◆ **PROBLEM**
Images should be omitted while the rest of the data is duplicated exactly.
### THE DATA ###
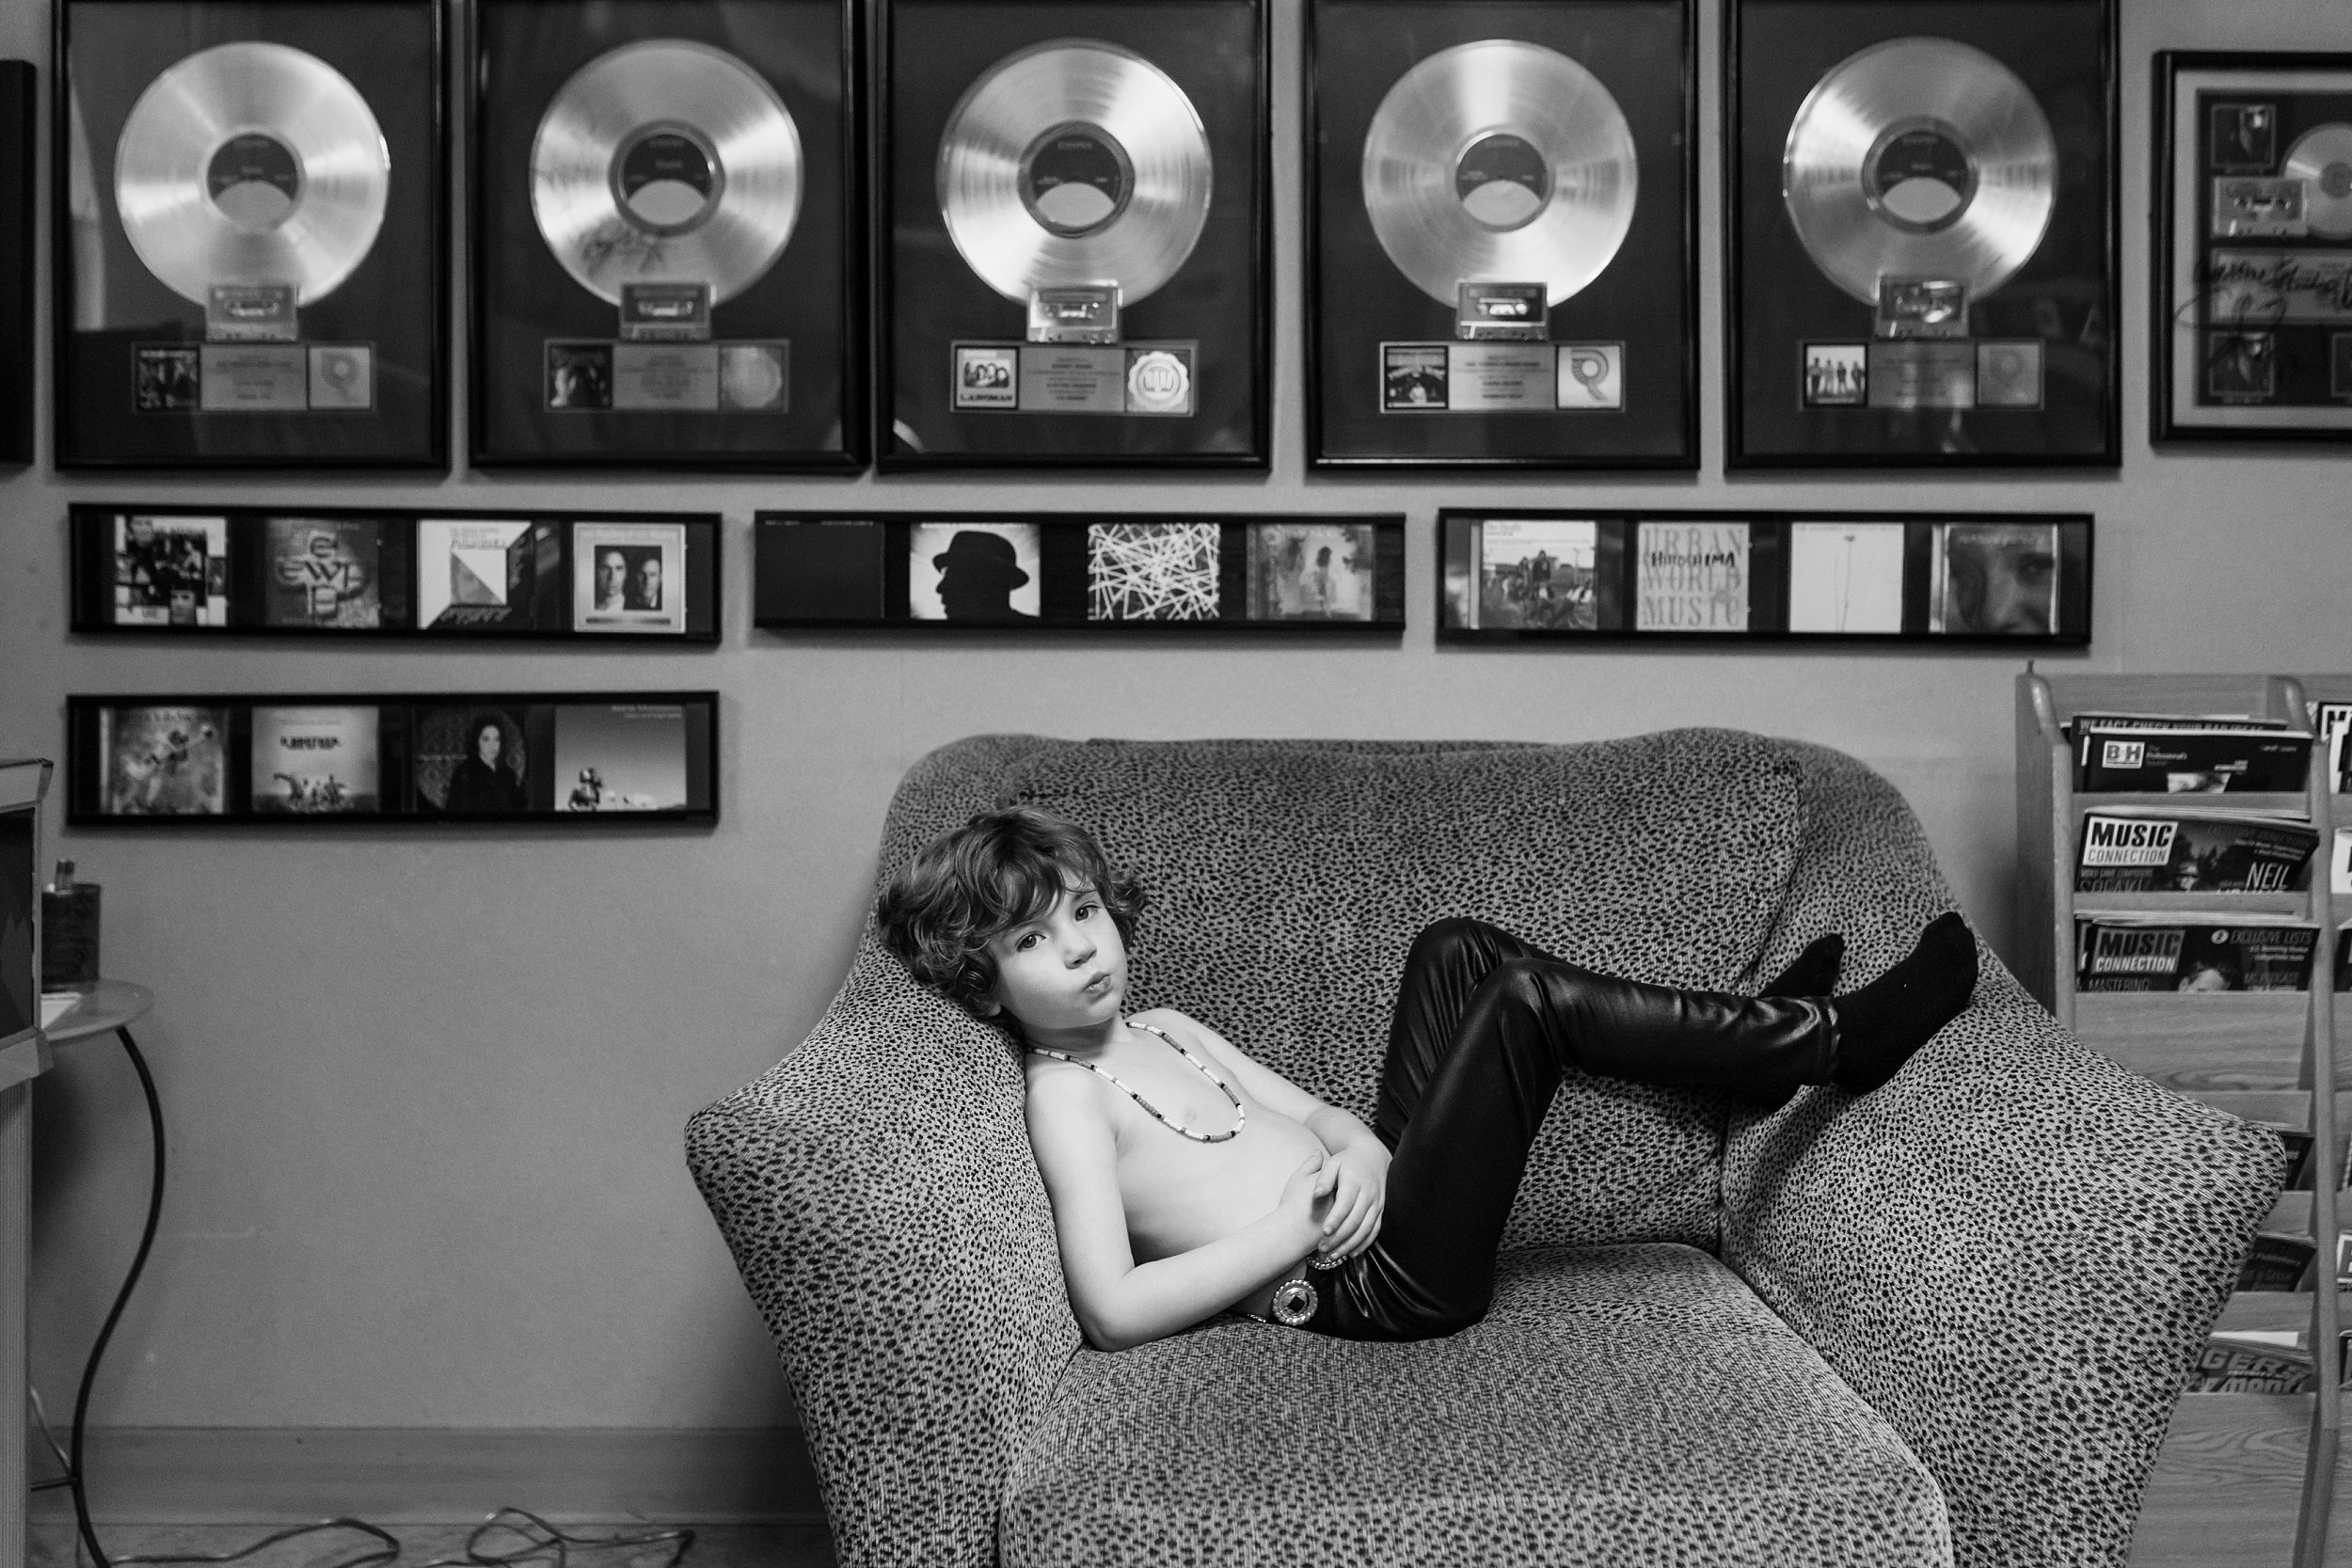 5 year old at Sunset Studios as Jim Morrison from The Doors by A Pocket of Time Photography
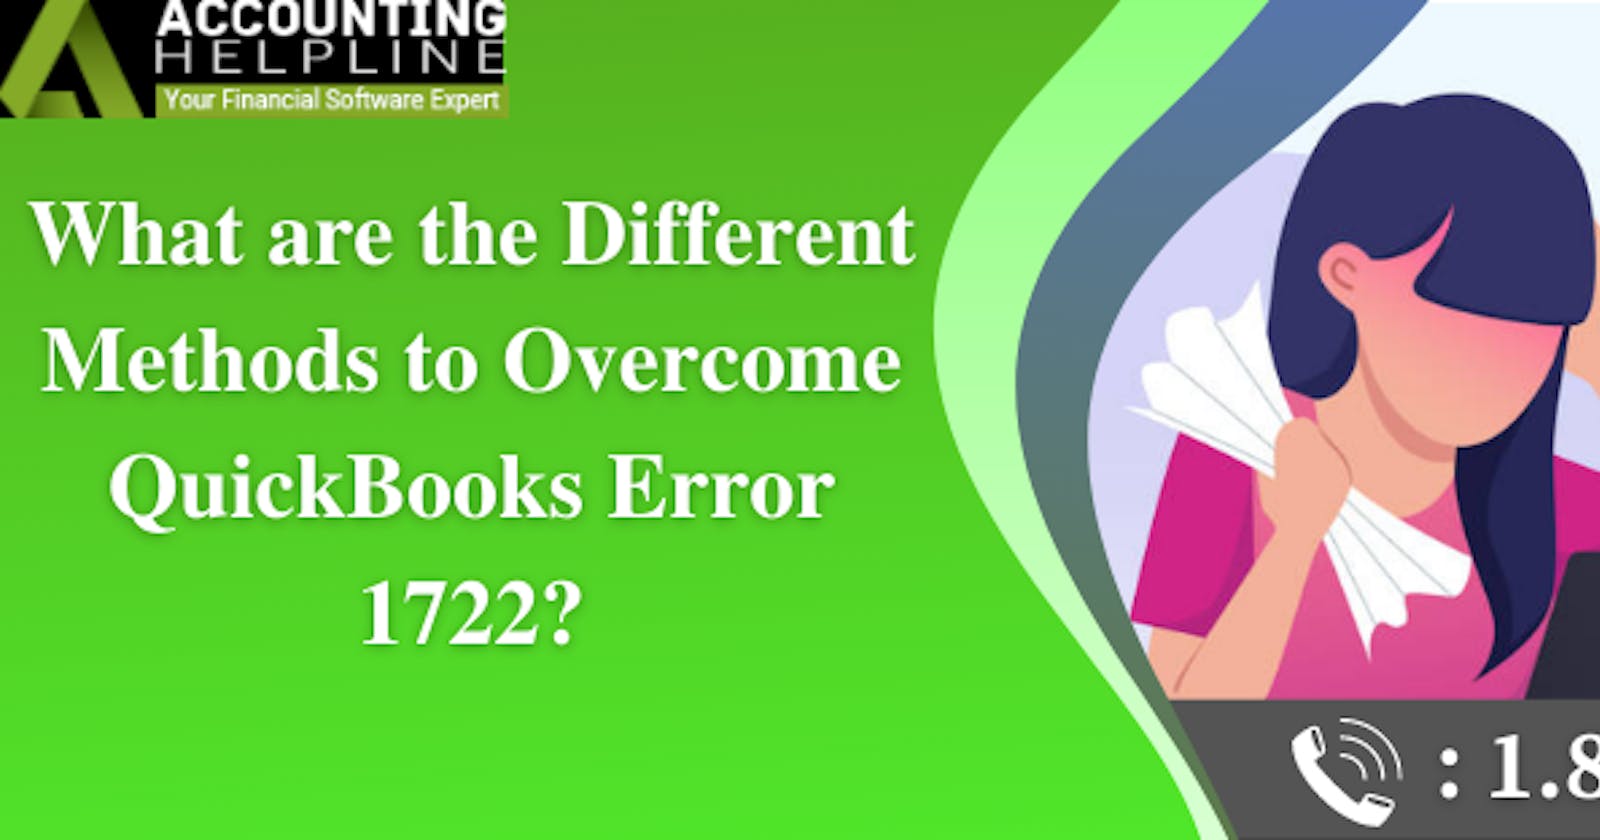 What are the Different Methods to Overcome QuickBooks Error 1722?
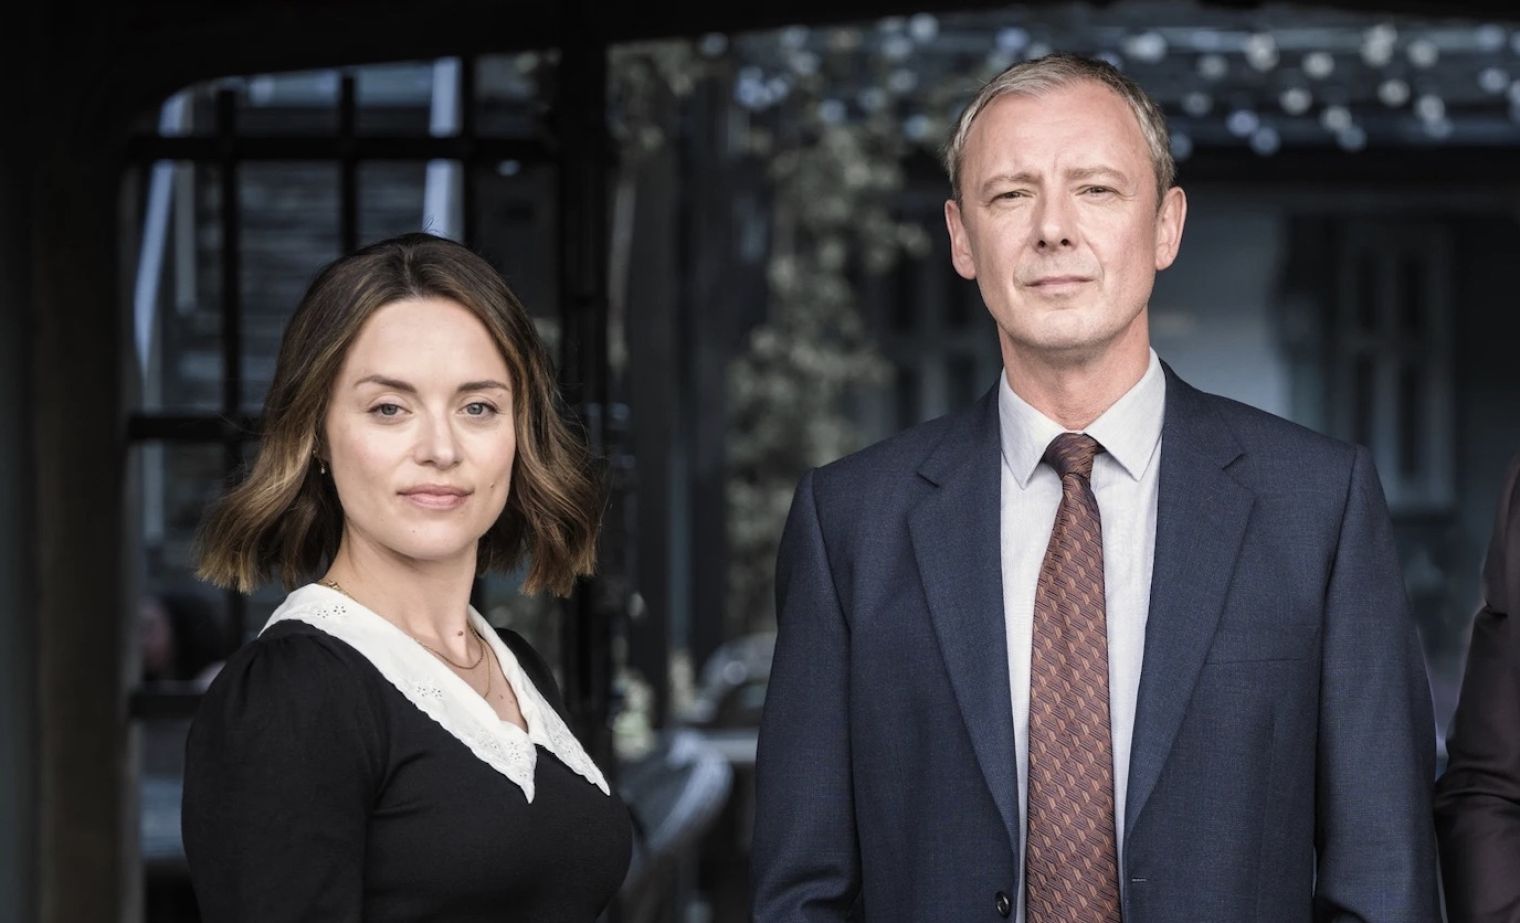 John Simm will lead Alibi’s brand new crime thriller series ‘I Jack Wright’ which has just started filming
###
◆ **RESPONSE TO THE TASK**
 5 year old at Sunset Studios as Jim Morrison from The Doors by A Pocket of Time Photography
 What are the Different Methods to Overcome QuickBooks Error 1722?
 John Simm will lead Alibi’s brand new crime thriller series ‘I Jack Wright’ which has just started filming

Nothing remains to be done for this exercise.